摘要： 低资源神经机器翻译的研究难点是缺乏大量的平行语料来给模型进行训练。随着预训练模型的发展，并且在各大自然语言处理任务中均取得很大的提升，本文提出一种融合ELMO预训练模型的神经机器翻译模型来解决低资源神经机器翻译问题。本文模型在土耳其语-英语低资源翻译任务上相比于反向翻译提升超过0.7个BLEU，在罗马尼亚语-英语翻译任务上提升超过0.8个BLEU。此外，在模拟的中-英、法-英、德-英、西-英这4组低资源翻译任务上相比于传统神经机器翻译模型分别提升2.3、3.2、2.6、3.2个BLEU。实验表明使用融合ELMO的模型来解决低资源神经机器翻译问题是有效的。

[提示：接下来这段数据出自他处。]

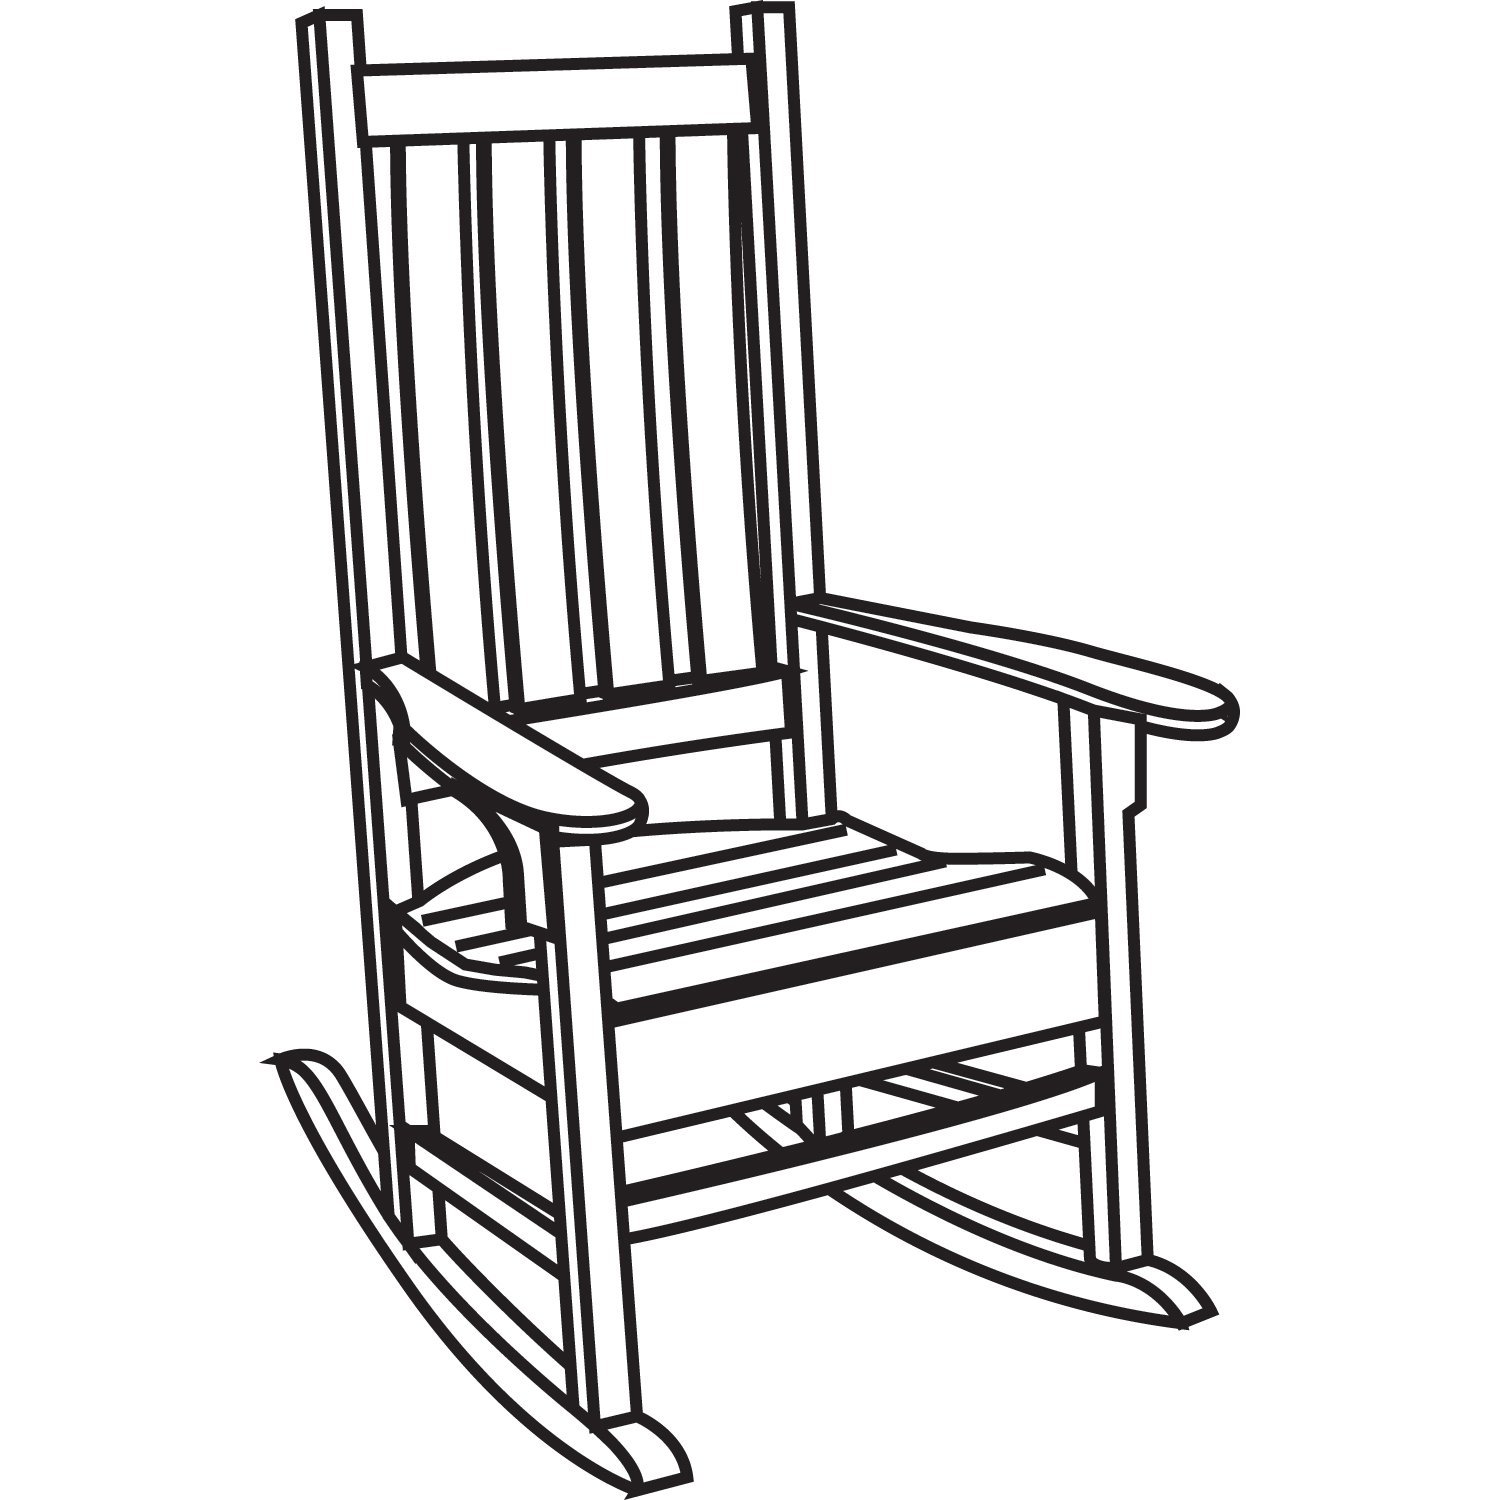 ... Rocking Chair - Illustrat

关键词: 低资源, 平行语料, 预训练模型, 神经机器, 翻译模型

Abstract: The difficulty in low-resource neural machine translation is lack of numerous parallel corpus to train the model. With the development of the pre-training model, it has made great improvements in various natural language processing tasks. In this paper, a neural machine translation model combining ELMO is proposed to solve the problem of low-resource neural machine translation. There are more than 0.7 BLEU improvements in the Turkish-English low-resource translation task compared to the back translation, and more than 0.8 BLEU improvements in the Romanian-English translation task. In addition, compared with the traditional neural machine translation model, the simulated low-resource translation tasks of Chinese-English, French-English, German-English and Spanish-English increase by 2.3, 3.2, 2.6 and 3.2 BLEU respectively. The experimental results show that the ELMO model is effective for low-resource neural machine translation.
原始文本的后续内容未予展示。